Solving NetHack's Mastermind

Note: This article was originally written in 2006. It is published here for posterity.

NetHack's Mastermind is very similar to the real Mastermind, with three changes:

Instead of five colors, there are seven notes (A, B, C, D, E, F, and G).
There are five positions, not four.
You can give partial solutions (such as AB even though the solution is five notes long).

A gear represents a note in the correct position. A tumbler represents a note in an incorrect position. So, for example, if you're trying to find the tune FFAAB and you guess AFAFB, you'll get three gears and two tumblers. If you guess CA you'll get one tumbler. If you guess BBBBB you'll get one gear. If you guess DDDDD you'll get silence (in other words, no gears and no tumblers).

This document describes my attempts at optimizing a NetHack Mastermind solver (with help from Sean Kelly and papers from Don Knuth and Barteld Kooi).

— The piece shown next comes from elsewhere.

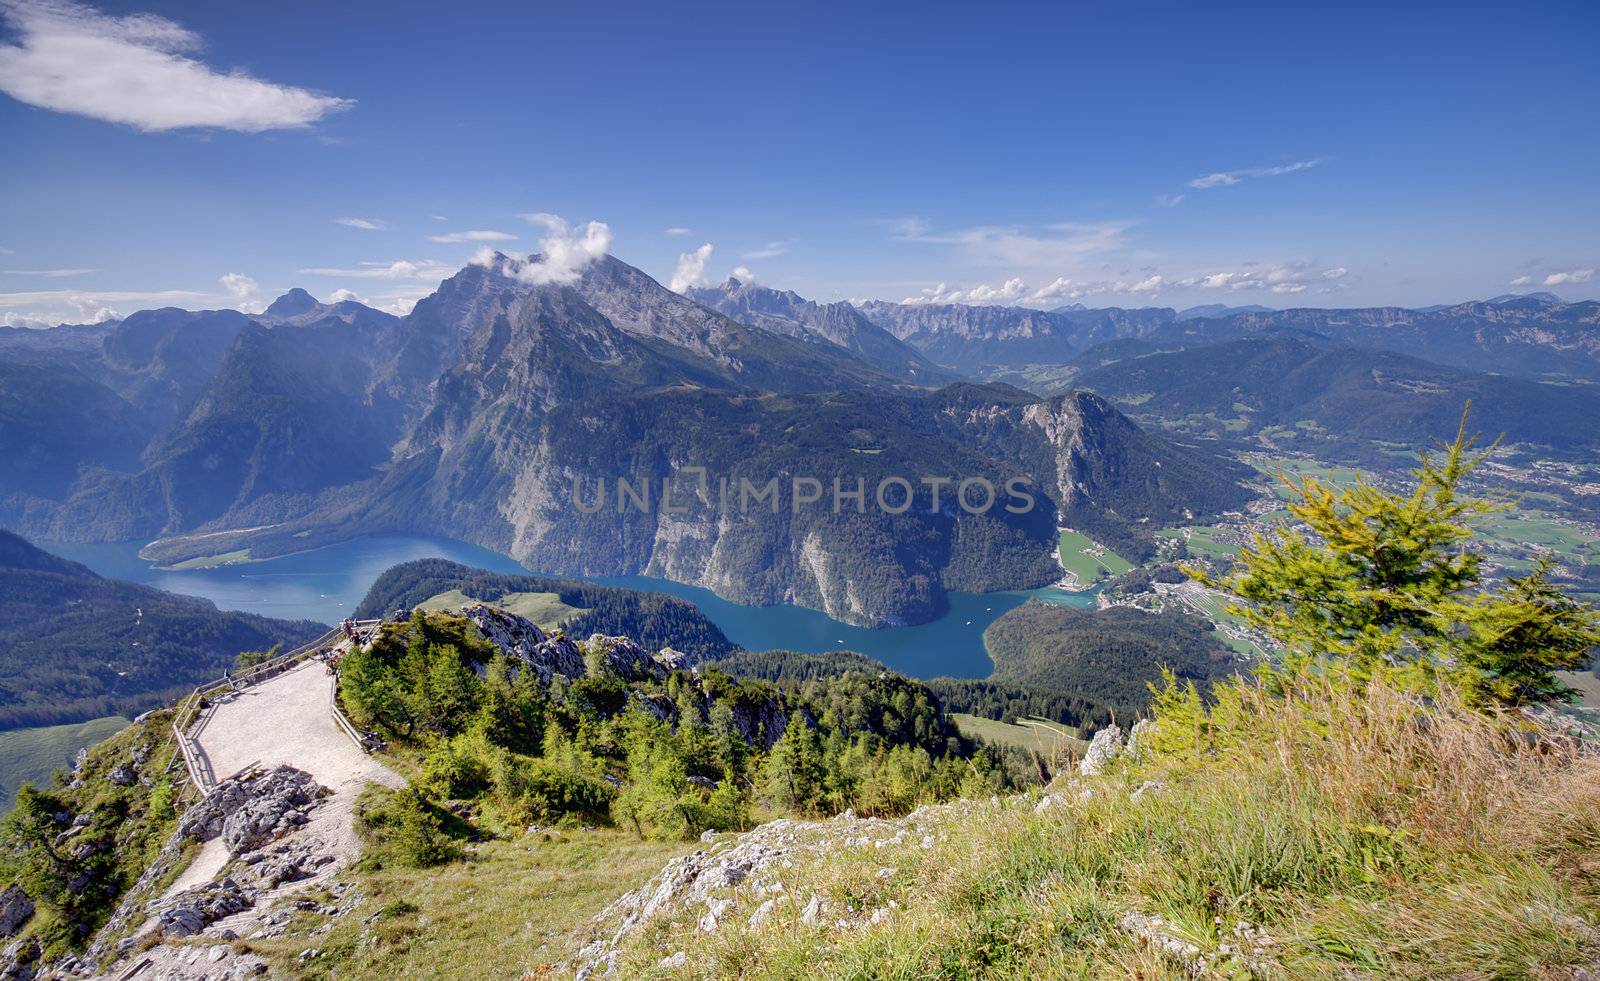 Alps mountains and Konigssee lake in Bavaria, Germany

The first, naïve algorithm finds the solution on average within 15 turns, possibly taking up to 21. The last, most effective algorithm finds the solution on average within 4 turns, possibly taking up to only 6. This is an important result because in NetHack, the level where you play Mastermind is one of the most dangerous, so you have a strong incentive (your own survival) to find the solution as quickly as possible.

Algorithm: Naïve 1

The first tune we always test is A. If that's a gear, then we're done with the first position. We don't know if any more As are in the tune, so our next stab is AA. Back to the first play though: if A produces a tumbler, then we skip it for now and move on to B. If we get silence, then we know A is not in the tune at all, so we remove it from any further consideration. Repeat this until we have found the tune.

This basic algorithm is straightforward and works well enough. This is roughly what I do when I am playing NetHack, since it can be done without assistance.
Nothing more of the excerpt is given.